Douglas em sua formatura, conseguiu para seus pais, um lugar bem na frente do enorme auditório. Foi o orador da turma e em seu discurso guardou muitas palavras para agradecer a seus mestres, a convivência com seus colegas, e apontando para seus pais, cegos, agradeceu ao sacrifício gigantesco que haviam feito para cria-lo e serem os responsáveis diretos desta sua conquista, por ele ter conseguido ser o que sempre desejou.

 Faltava ainda algo.

Após cinco anos, Douglas, também com enorme sacrifício, conseguira pagar as prestações de um bom apartamento em construção, financiamento pela Caixa, em bom bairro residencial. Após o habite-se conseguiu montá-lo em seu essencial, incluindo uma bela cama king. Guardou silêncio.

Tudo pronto, convidou seus pais para um passeio em seu carro e levou-os direto ao prédio que iriam morar. Subiram até o decimo andar, abriu a porta e introduziu-os em seu interior.

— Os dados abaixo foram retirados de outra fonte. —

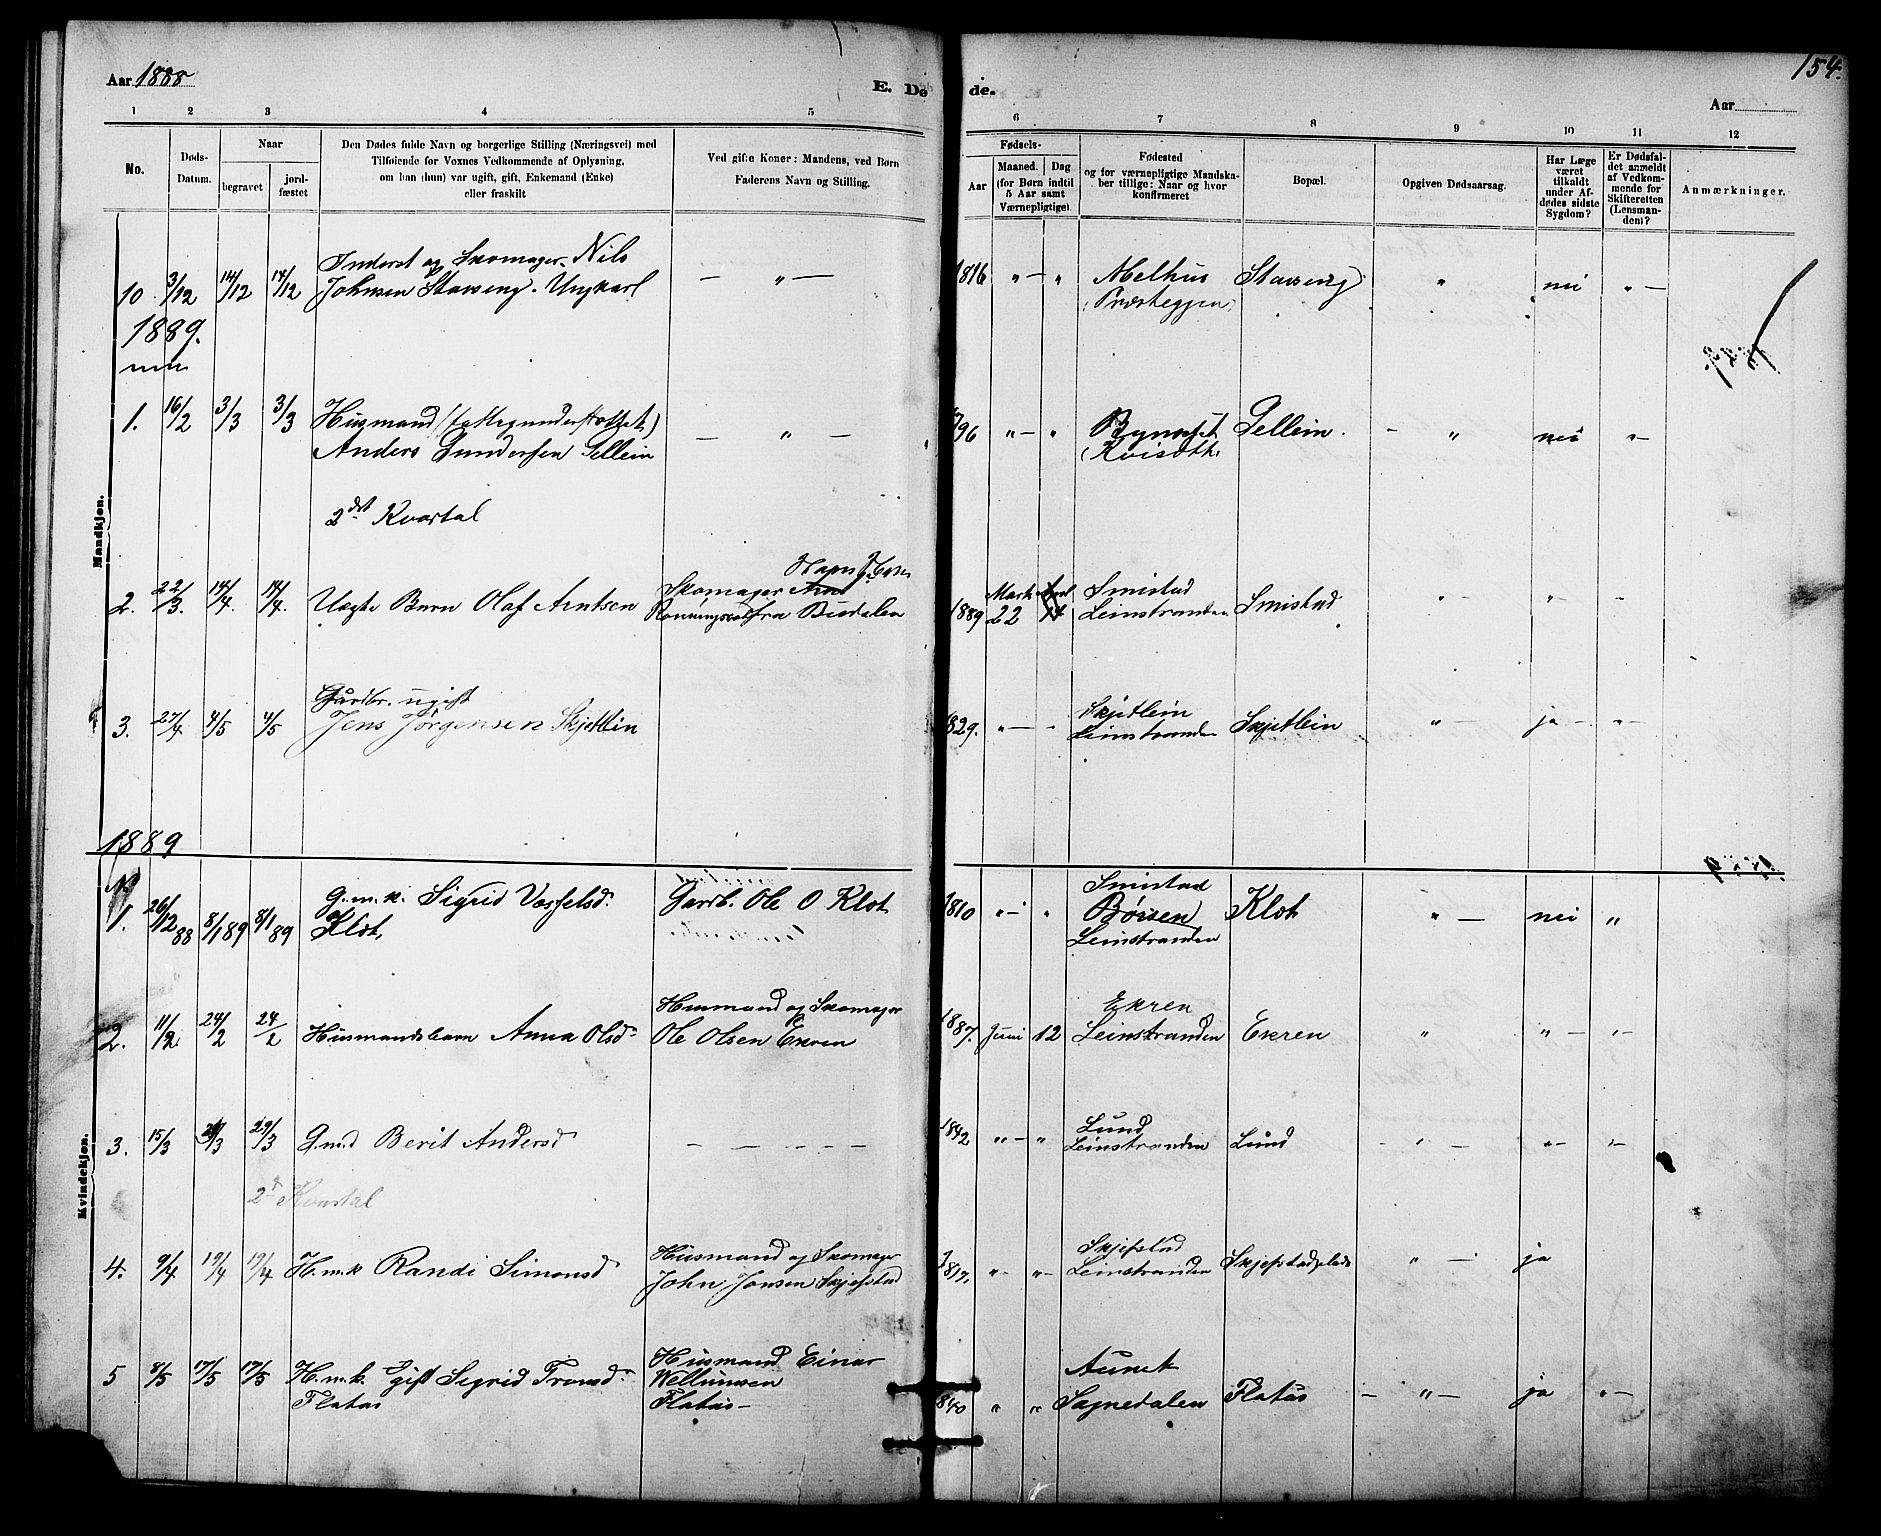 SAT, Ministerialprotokoller, klokkerbøker og fødselsregistre - Sør-Trøndelag, 613/L0395: Klokkerbok nr. 613C03, 1887-1909, s. 154

Eles não entendiam nada. Enfatizou:

- Vocês estão entrando em seu apartamento novo, quase todo montado. Aqui viveremos.

Chegando ao quarto empurrou seu pai e sua mãe sobre a cama, onde rolaram e se beijaram. Douglas ficou muito feliz ao ver a satisfação de ambos.

Logo ela disse:

- Eu sou cega, mas com meus apurados sentidos, sentia ultimamente você diferente, silencioso, como se estivesse preparando algo. Foi uma situação realmente misteriosa.  Agora entendi. Não esperávamos tanto. Obrigada meu filho!